Profiling Code for Performance
Last updated on 2024-08-30 | Edit this page
Estimated time: 20 minutes
Overview
Questions
- How to measure performance?
- How to measure memory usage?
Objectives
- Learn the different methods available to measure time and memory usage externally and from within a program.
- Understand what parts of a program are important to time.
- Learn how to do a scaling study for multi-core and multi-node jobs.
When we talk about the performance of a program, we are always interested in how much time it takes to run, but in some cases we also need to know how much memory the program uses if we are pushing the limits of our computer. Even more than that, we often need to know how much time each part of the code takes so that we know where to concentrate our efforts as we try to improve the overall performance of the program. So we need to be able to time the entire run, and also internally each part of the code.
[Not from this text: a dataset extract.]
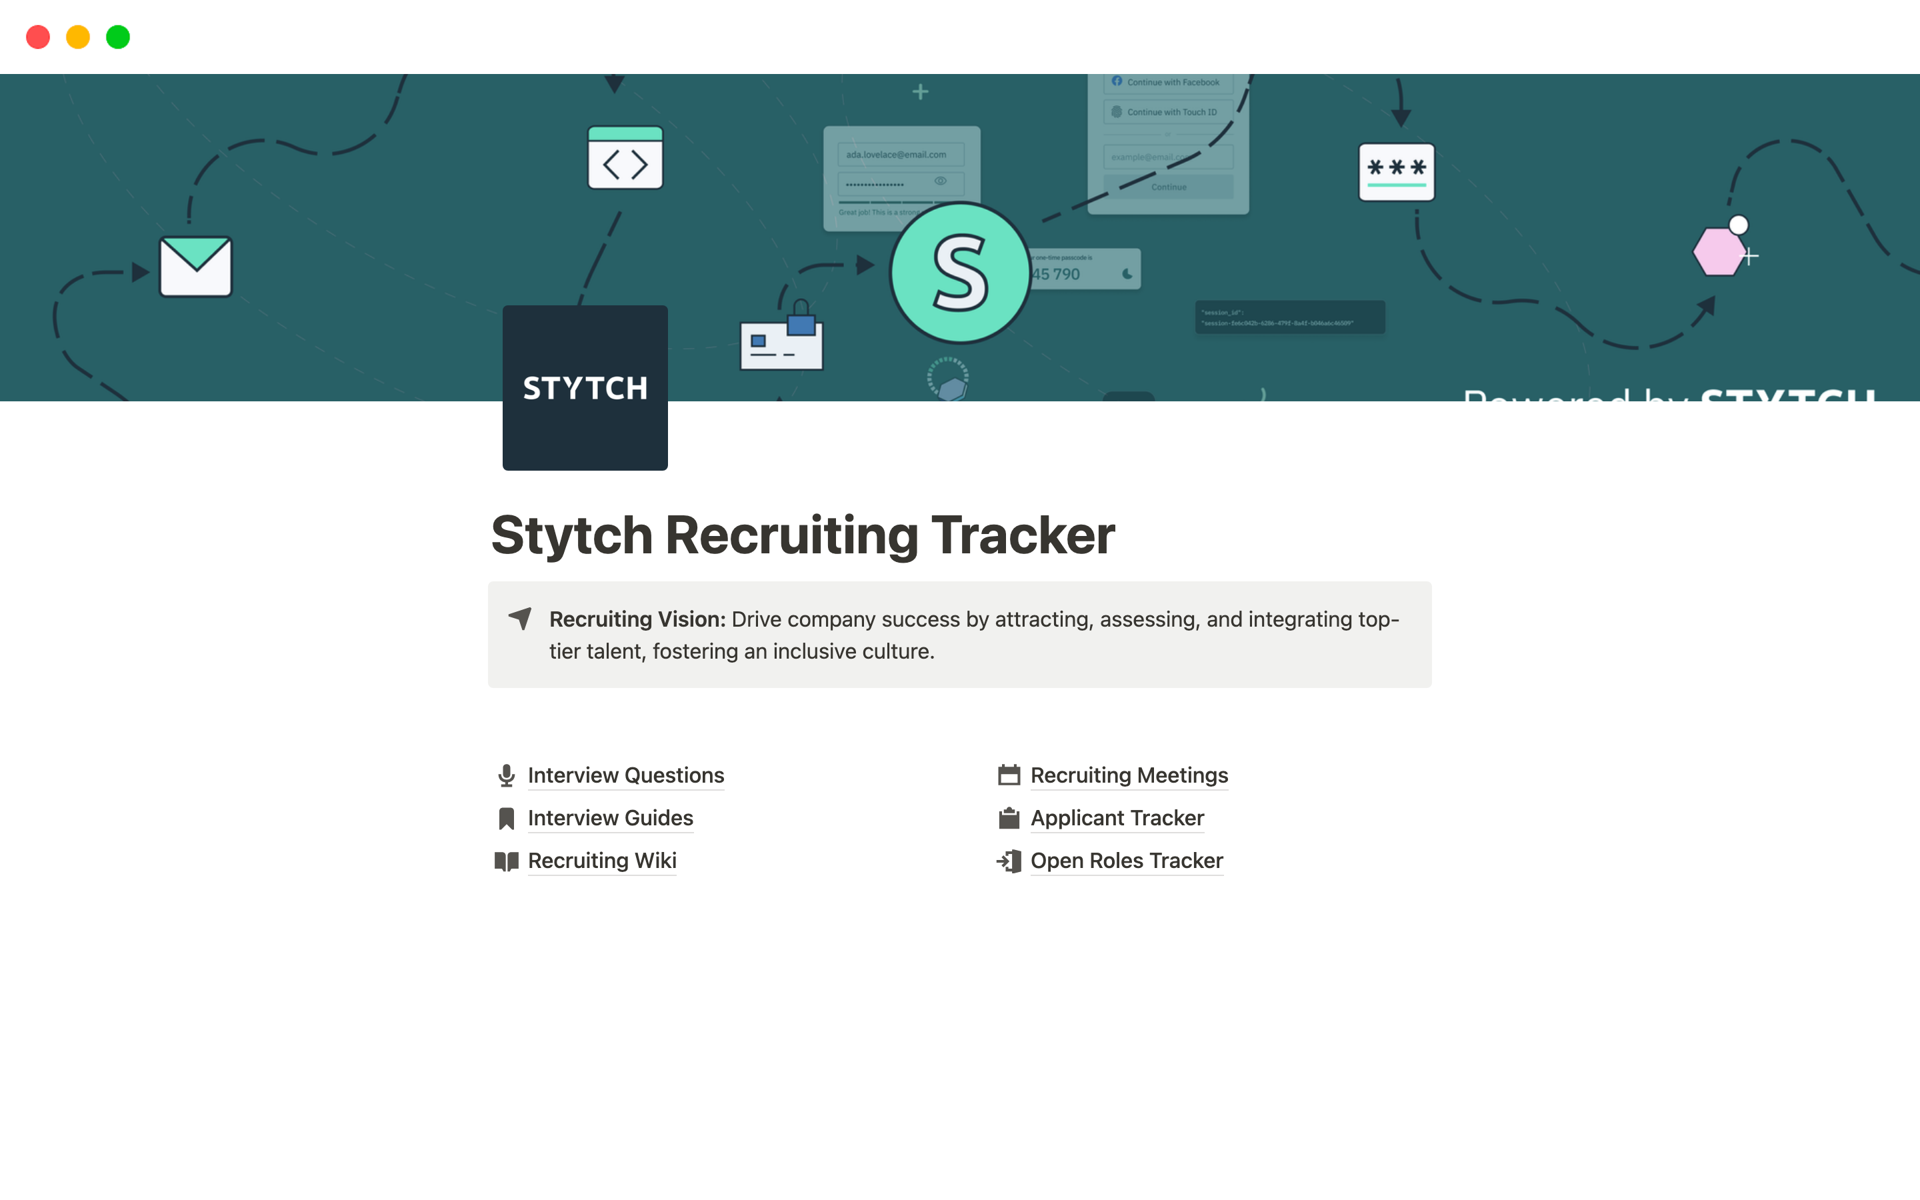 Stytch’s Recruiting Tracker on Notion offers a focused approach to hiring for engineering roles.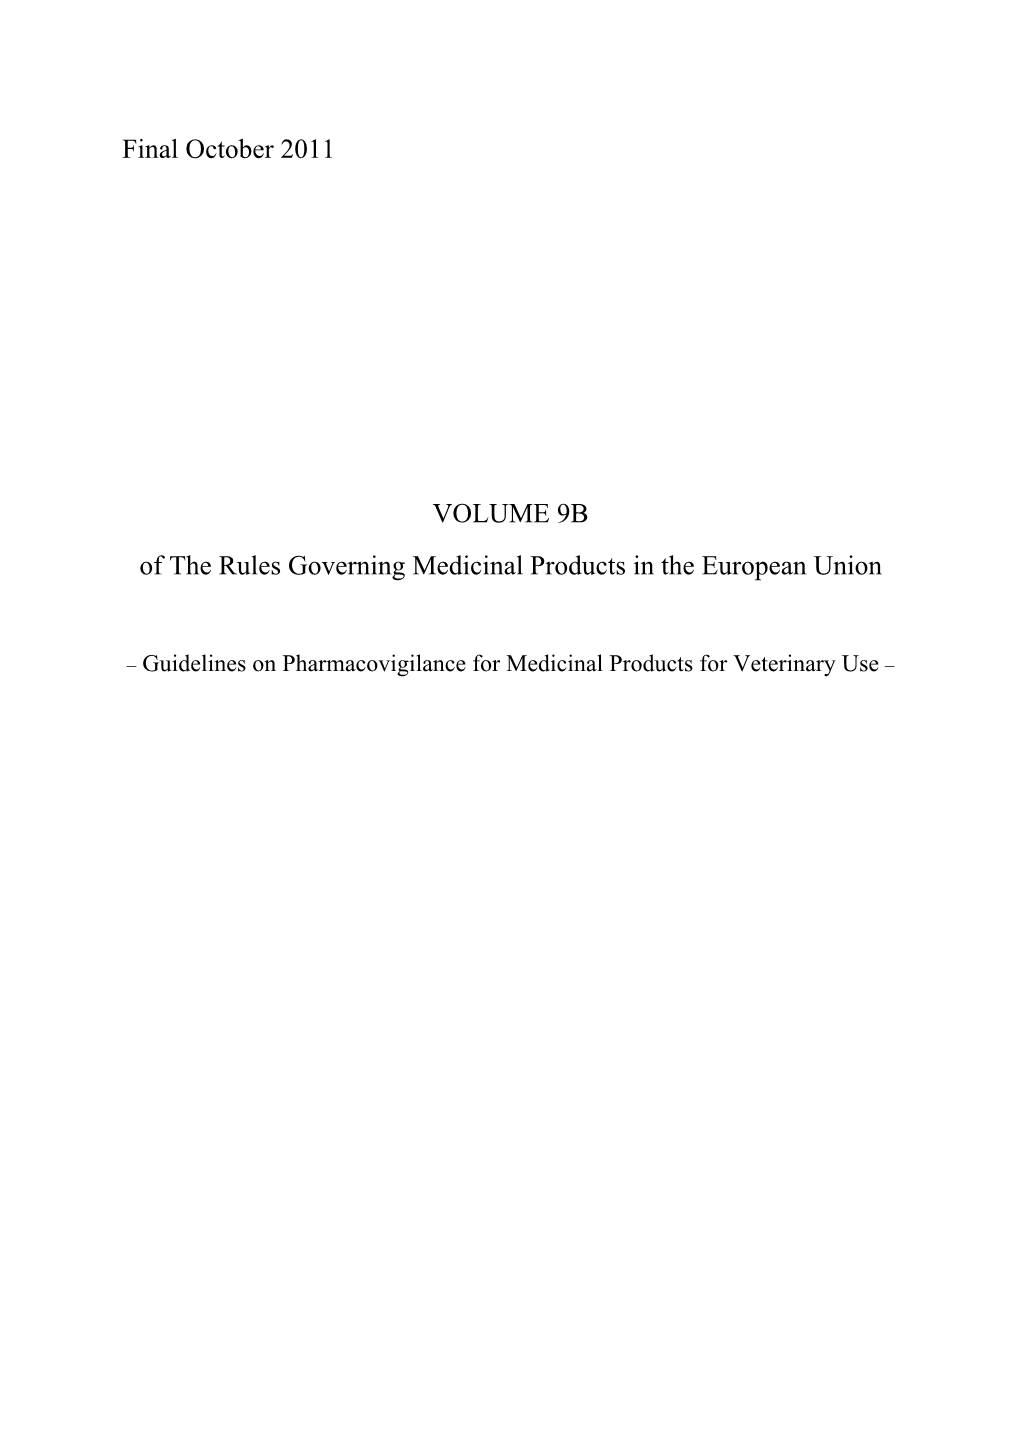 Guidelines on Pharmacovigilance for Medicinal Products for Veterinary Use –

For parallel codes, we also need to know how efficiently they scale as we increase the number of cores or compute nodes in order to determine what resources to request.
Timing a Program Externally
Linux has a time function that can proceed any command, so this can be used to time the entire job externally even if we don’t have access to the source code. This can be used to time a short test run in order to estimate the runtime needed for the complete job. When we get to talking about parallel computing, or using multiple compute cores to run a single job, the time function will prove useful for getting the execution time for a job as it depends on the number of cores. For example, it is common to test the same job on 1, 4, 8, 16, and 32 cores to see how it scales with more cores to determine what number of cores is most efficient to use.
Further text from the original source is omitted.